Plus, I like not having to think about it: with this I can just use cachedregexp inline every single time I need a regexp rather than having to think about the cost - semantic in particular has the largest regexp I've ever had the horror of using for parsing Python versions which is sourced from an official PEP so we don't really want to touch it.

(by extension I guess I'm implying I have a preference for collocating regexps to their usage too, as typically they're only used in one function)

Granted the key thing is that the regexps are not inlined - beyond that we're talking about saving a couple of milliseconds more, but in contrast as far as I know the only cost to using cachedregexp is an extra ~8 bytes in the binary size, which already varies more than that across different OSs 🤷

(fun side fact: moving that Python regexp inline will take go test ./semantic/... -count=10 from 3 seconds to 20 seconds, and it just keeps growing from there 😅)

One option if we really don't want the global map is to lazily initialise the few big regexp's, but as Gareth said then you have to start thinking about the cost of each regexp and whether it is worth it to do so.

I'd like to challenge this slowly compiling regex. Can we do something about that? Like change the regex to be more efficient or use code for the heavy part and use multiple regexes for sub problems? I haven't looked into the regex yet, just wanting to make sure we don't ignore an easy solution.

If there is really no chance on that: I think cachedregexp is a good alternative for those cases which are not on the hot path. We need to avoid using cachedregexp everywhere tho, as it has an overhead.

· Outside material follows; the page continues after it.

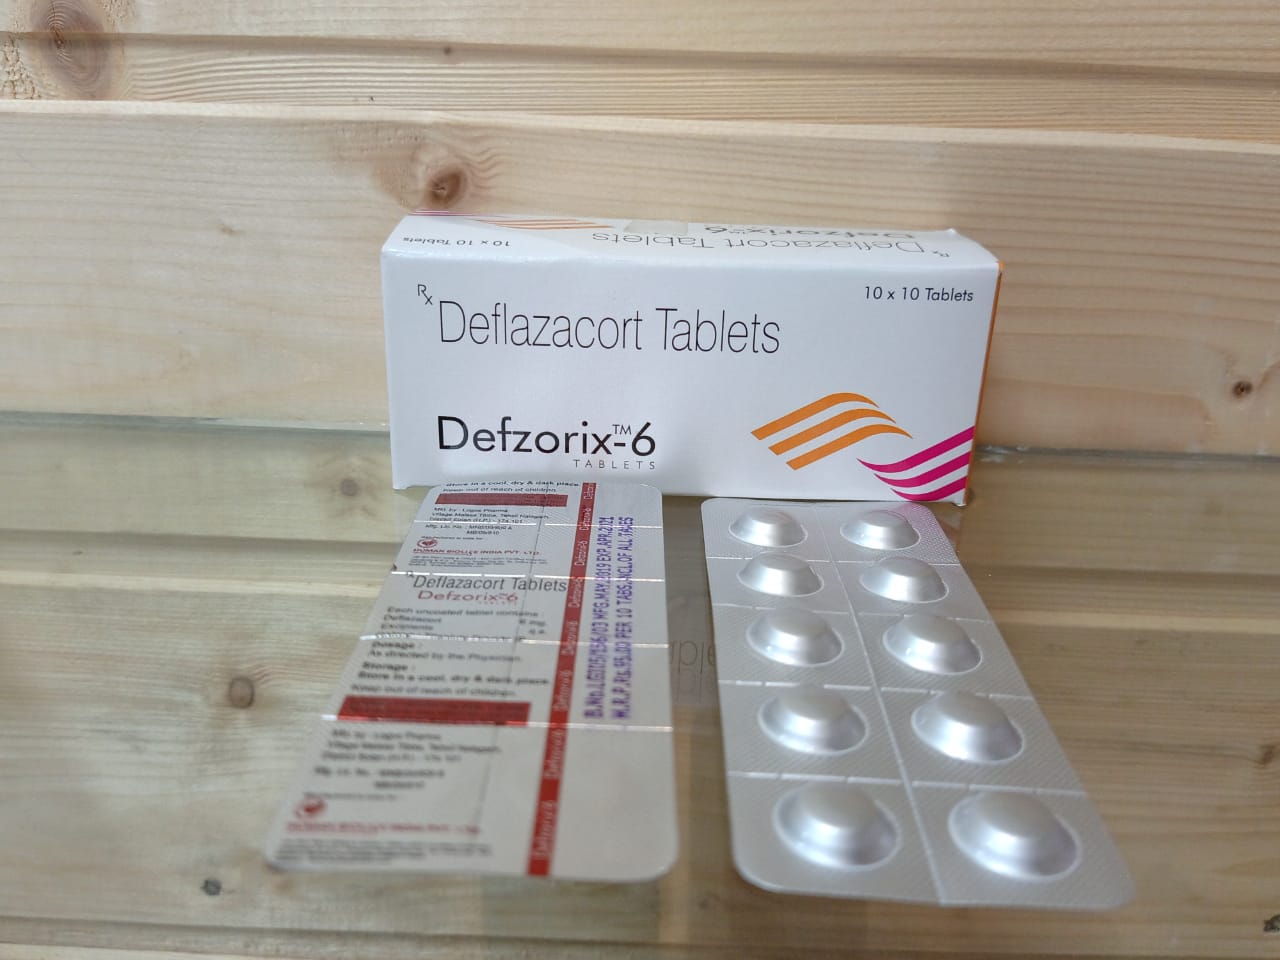 Defzorix 6 tablets
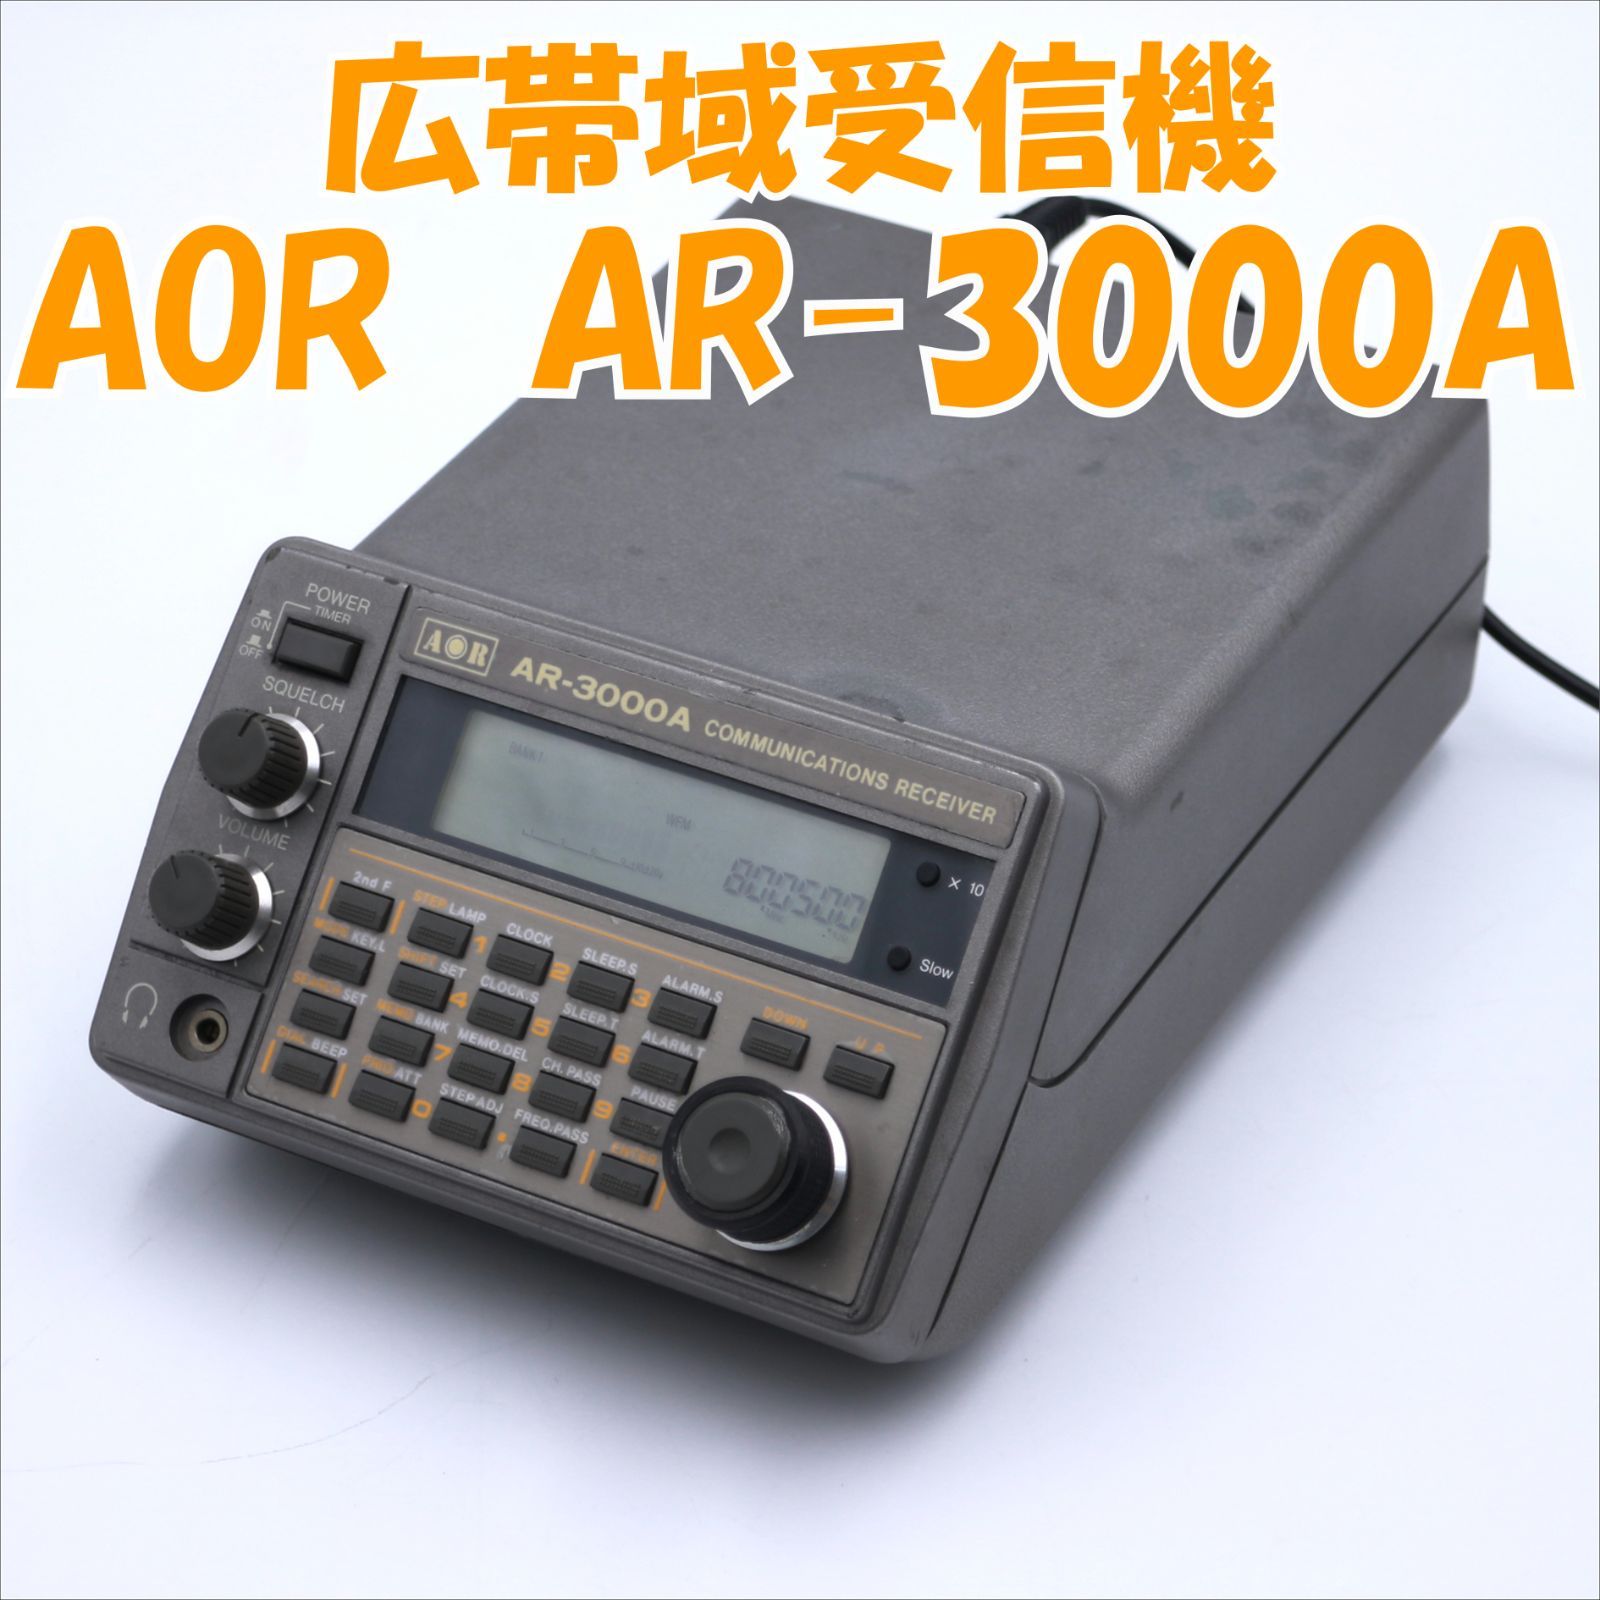 □□難あり□□ AOR AR-3000 広帯域受信機 - www.tigerwingz.com

on an average project we'd expect to scan one or two lockfiles, rather than running every single extractor and semantic comparator

This is just one use case. When scanning entire systems we usually run most plugins eventually. It can happen that a single plugin runs more than 100k times. In those use cases it's very important to keep hot paths fast. Thus we can not use cachedregexp on the hot path of FileRequired. Usage inside Extract is likely fine. In an ideal world, we would have benchmarks for this so we can make quantitative decisions.

We plan to add better benchmarks to Scalibr, so it is easier to understand performance impact of various changes.

I'd like to challenge this slowly compiling regex. Can we do something about that?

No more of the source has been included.